▸ **Try it**
What is needed is an exact copy of the lines in the entries below from the one holding "trouble logging in - Saturn Barter Company" through the one holding "10 PACK DAY ACCESS", pictures excluded.

▸ **Data records**
★ ★ ★ ★ ★ ★ ★

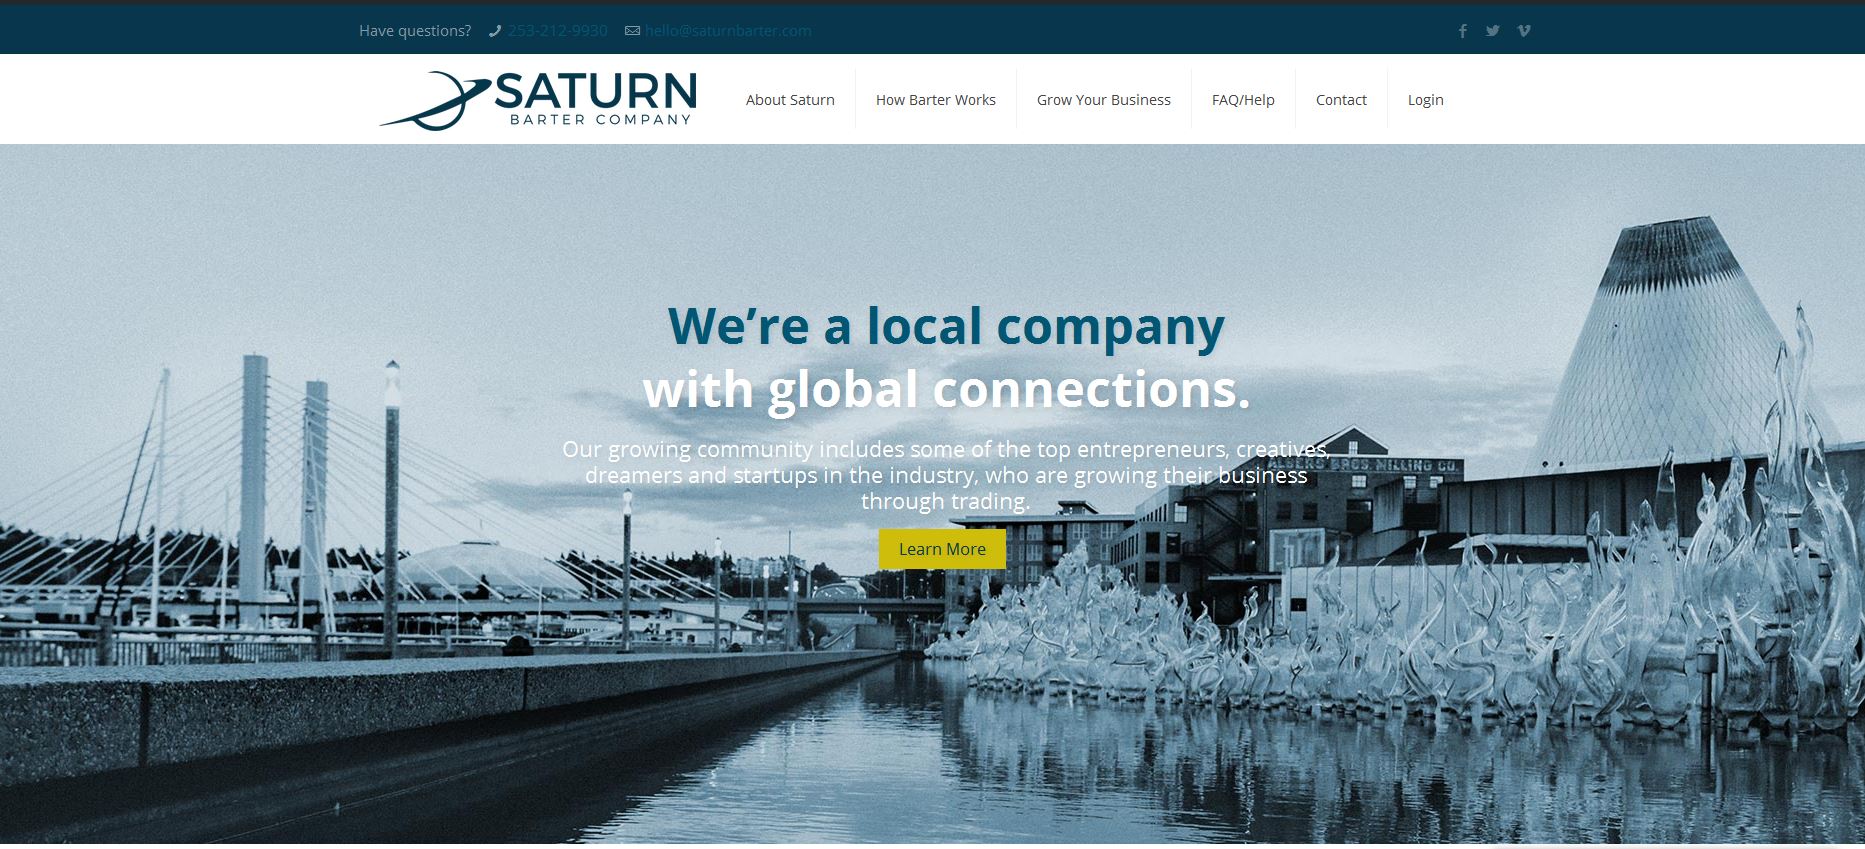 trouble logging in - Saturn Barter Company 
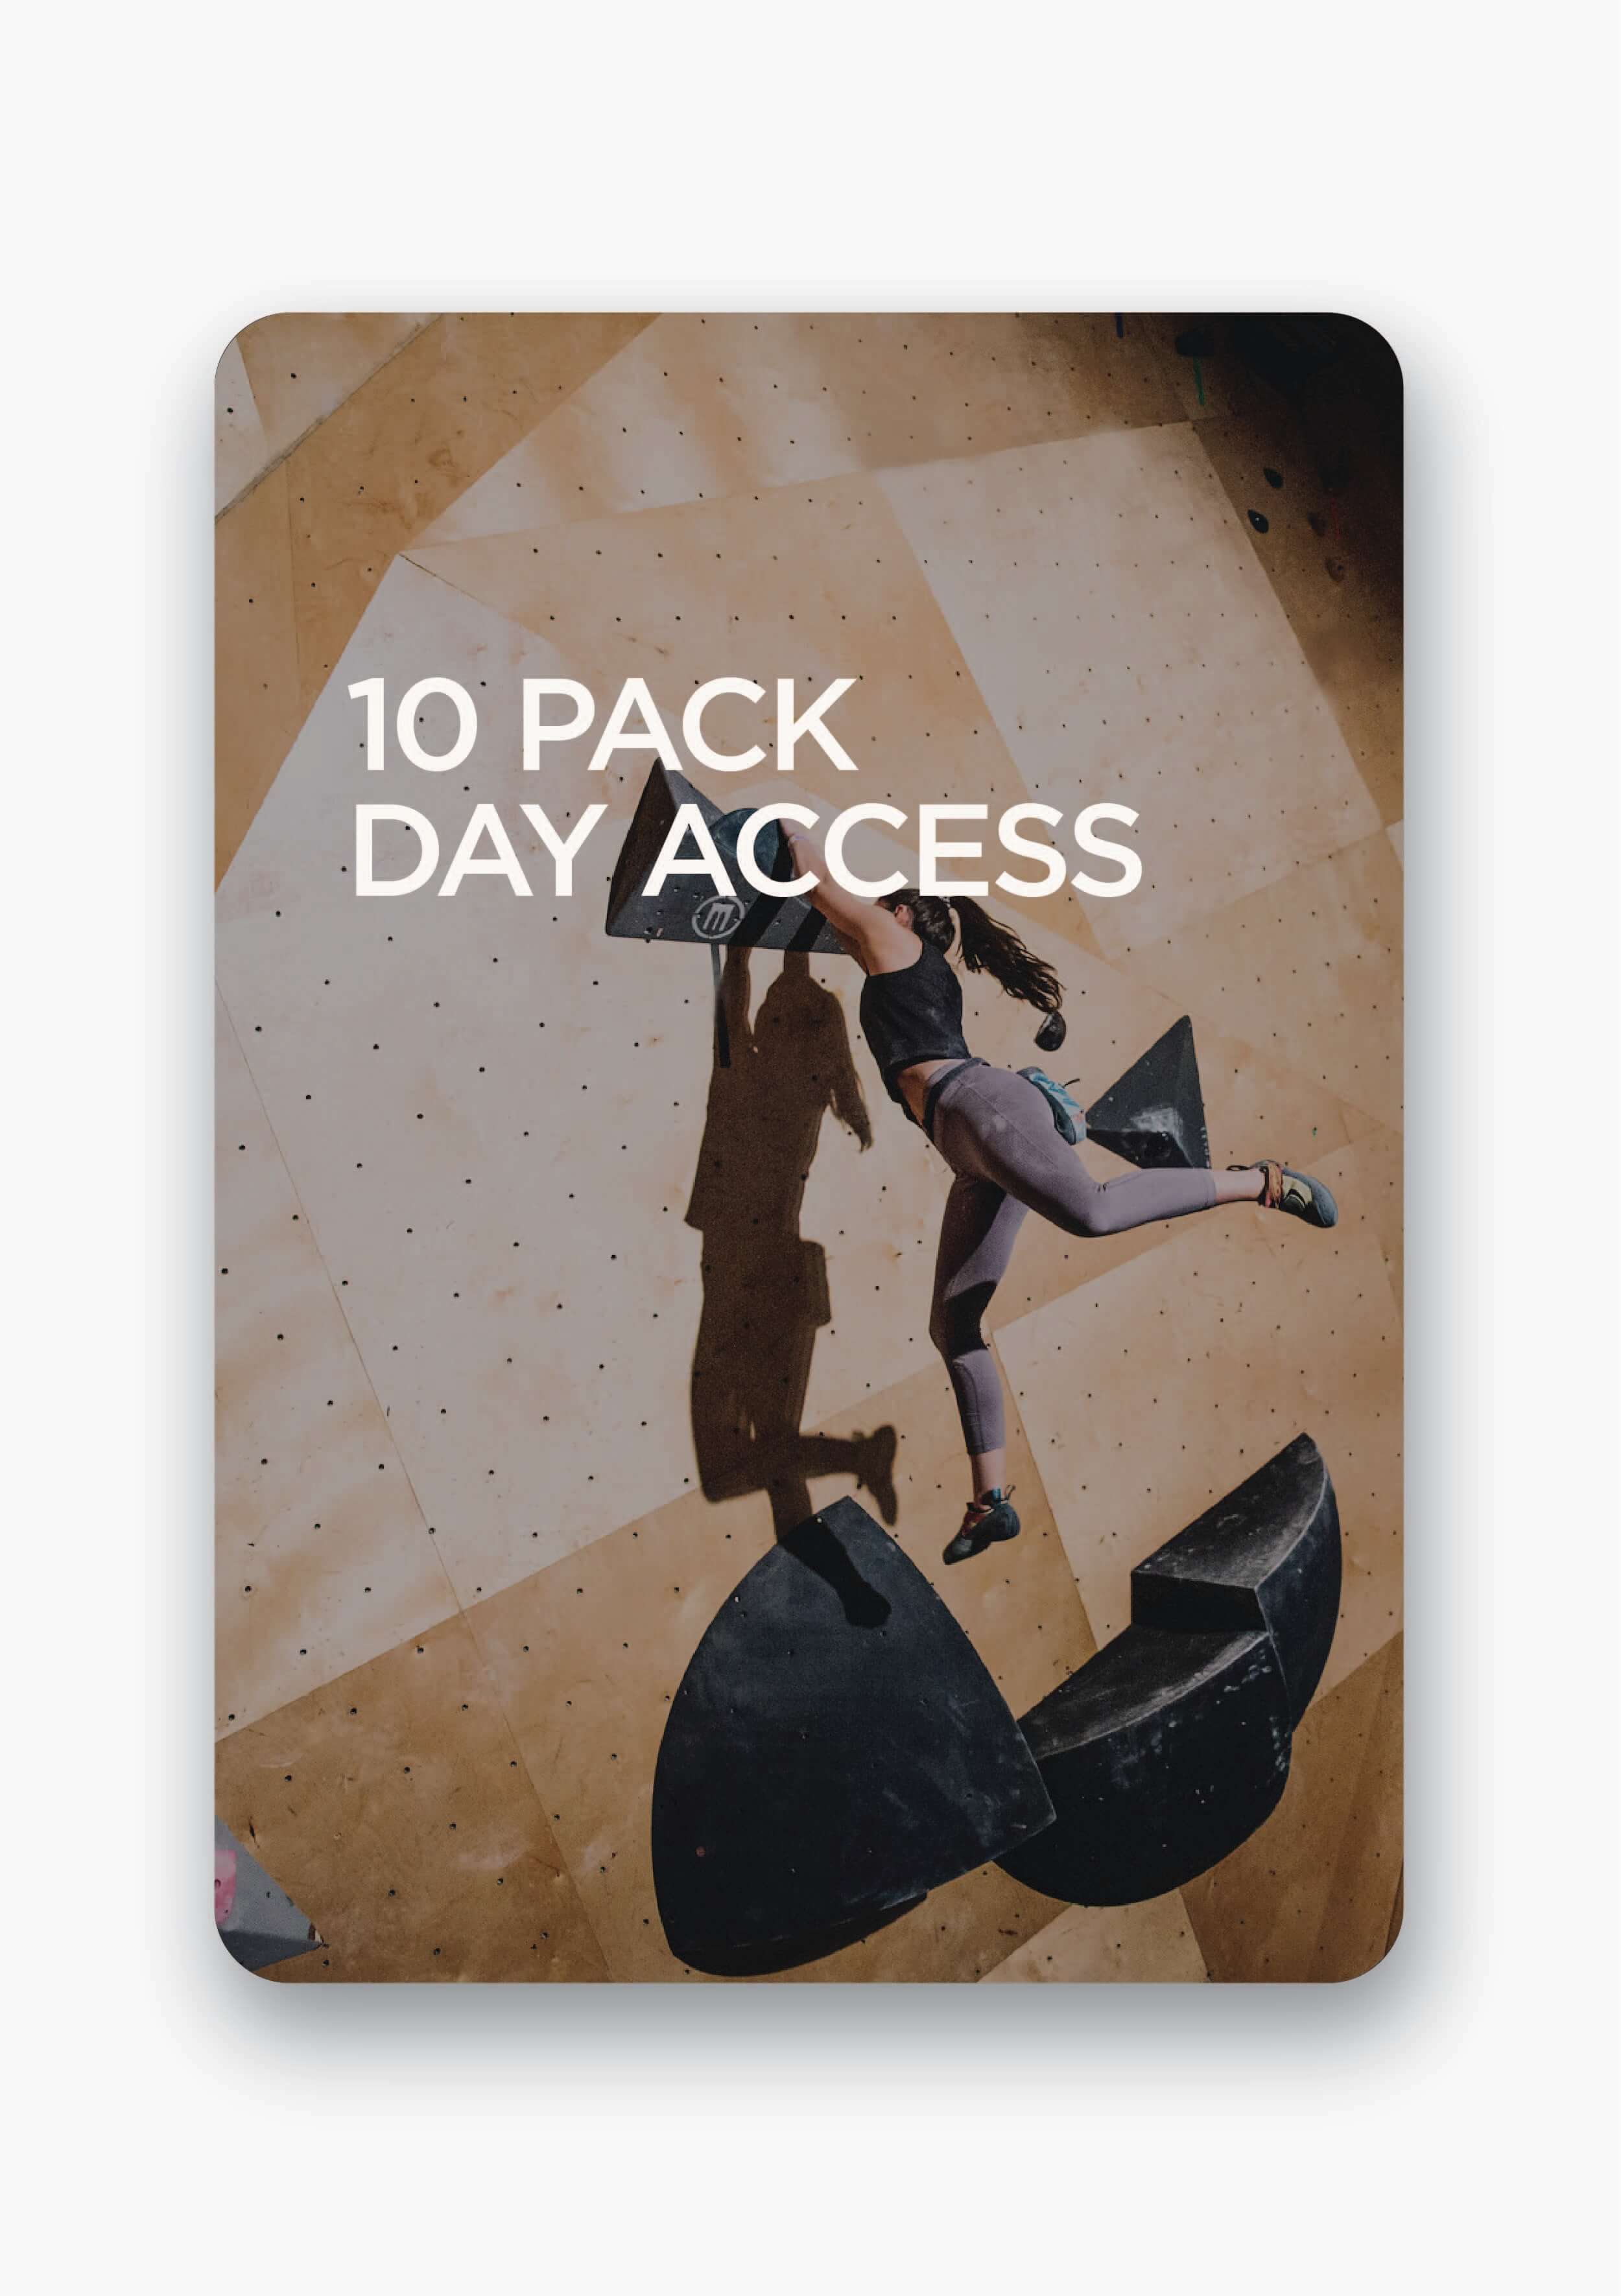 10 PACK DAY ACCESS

★ ★ ★ ★ ★ ★ ★

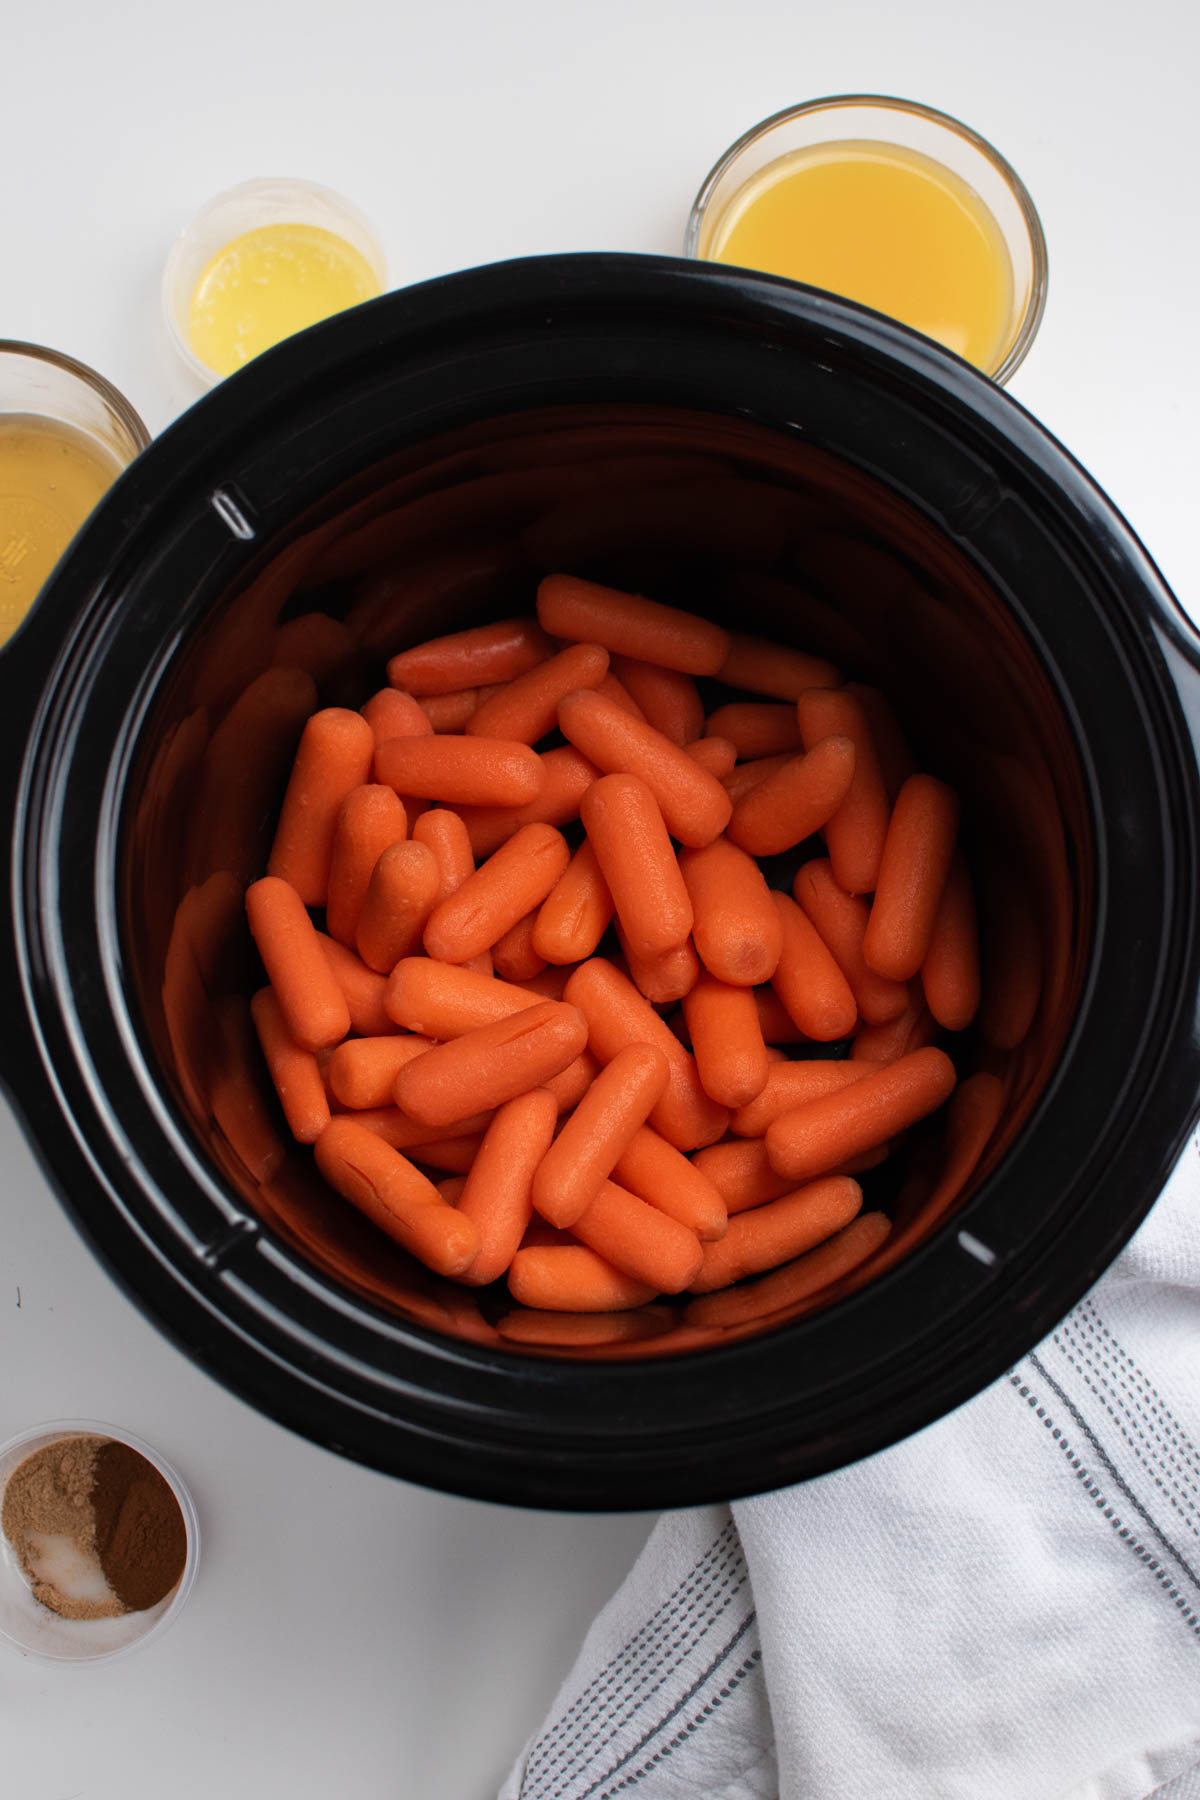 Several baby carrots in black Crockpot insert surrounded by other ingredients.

★ ★ ★ ★ ★ ★ ★

▸ **Finished exercise**
 trouble logging in - Saturn Barter Company 
 10 PACK DAY ACCESS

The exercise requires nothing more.